Despite the shortcomings of this study, our data suggest that patients with a fracture of the base of the ulnar styloid (displaced or not) can expect to regain wrist function and a health status that are similar to those of patients with no ulnar styloid fracture, at least when the distal radial fracture was treated with open reduction and plate-and-screw fixation. The differences that approached significance were small, were probably clinically irrelevant, and were inconsistent over time. This suggests that anatomic reduction and internal plate fixation of the distal part of the radius mitigates or lessens the value of operative treatment of a fracture of the ulnar styloid base.
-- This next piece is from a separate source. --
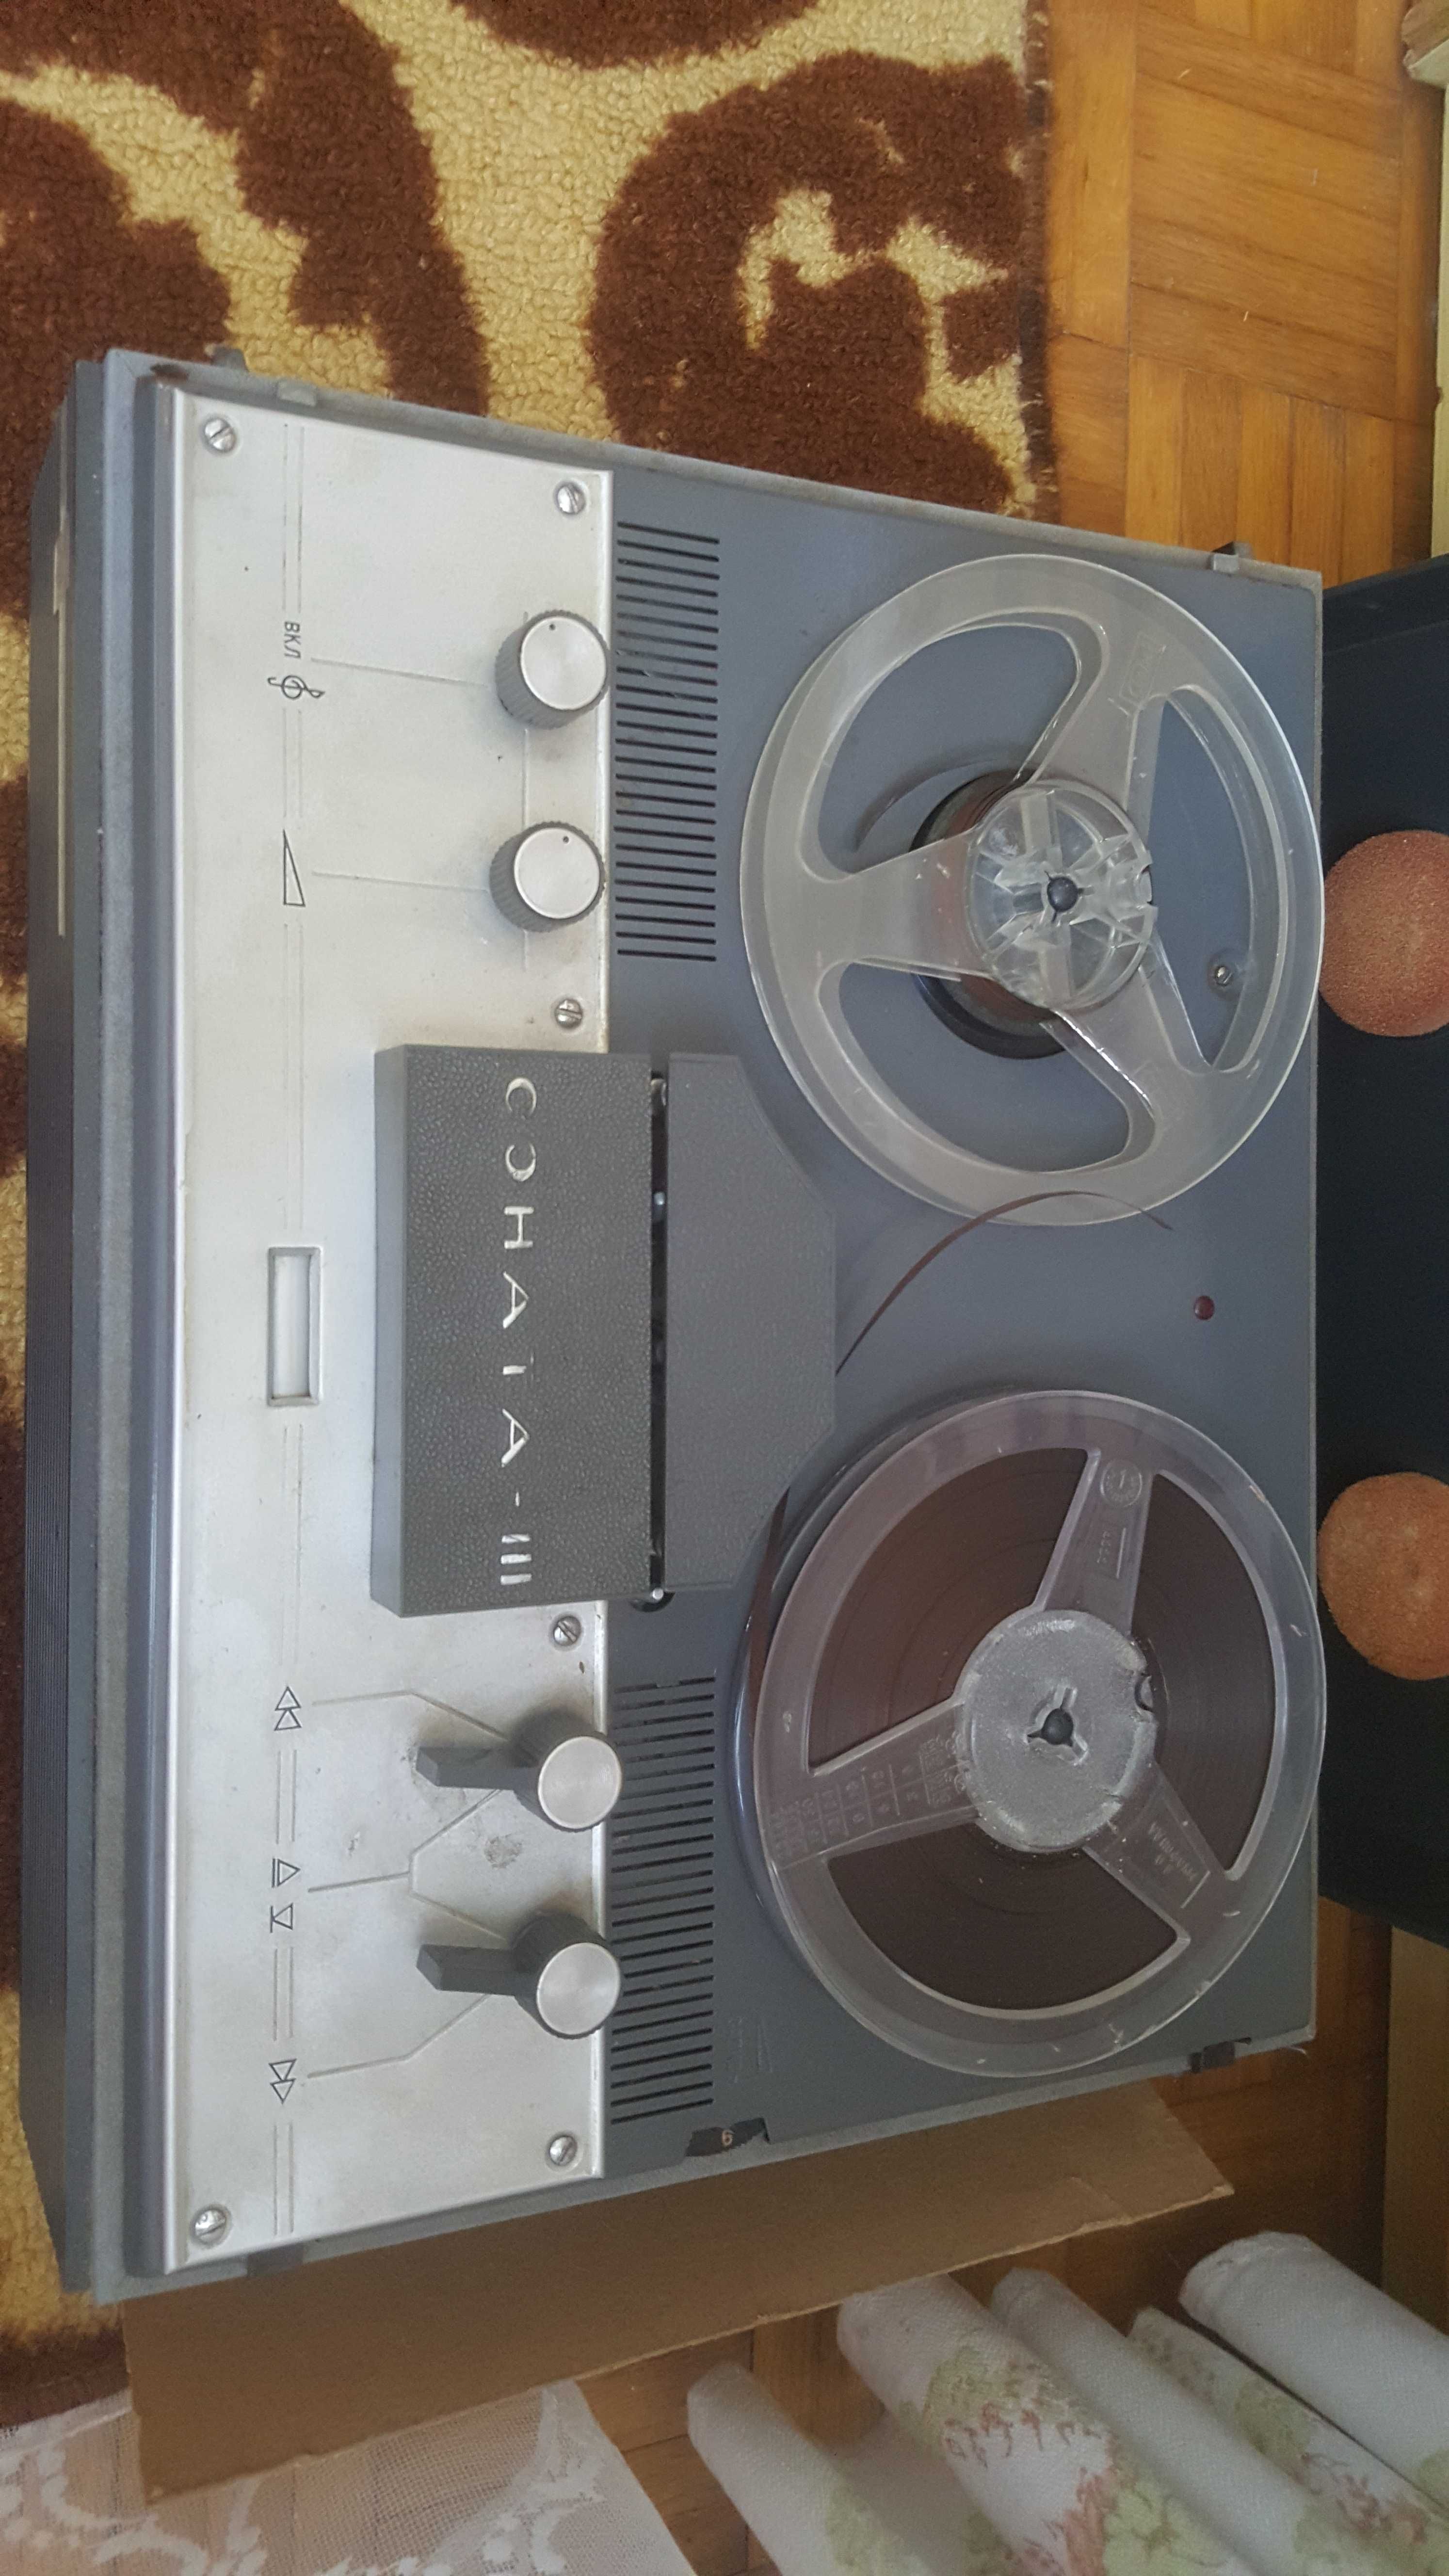 magnetofon szpulowy stary "COHATA III"

The indications for internal fixation of the ulnar styloid after open reduction and internal fixation of the distal part of the radius remain unclear.
Since open reduction and volar plate fixation of the distal part of the radius (as was used in the majority of the patients in this series) restores the volar metaphyseal cortex, it may result in radiographic alignment of the distal radial fragments that is better and more reliable than that provided by external fixation, with which the volar cortex often remains in bayonet apposition24,25. Although instability of the distal radioulnar joint was not specifically assessed in this study, our finding that outcomes were not affected by a fracture of the ulnar styloid base might be explained by the improved inherent stability of the distal radioulnar joint that resulted from the improved restoration of distal radial anatomy, which may provide a greater measure of congruity with and capture of the ulnar head in the sigmoid notch of the radius. It also might be explained by the presumed intact interosseous ligament of the forearm.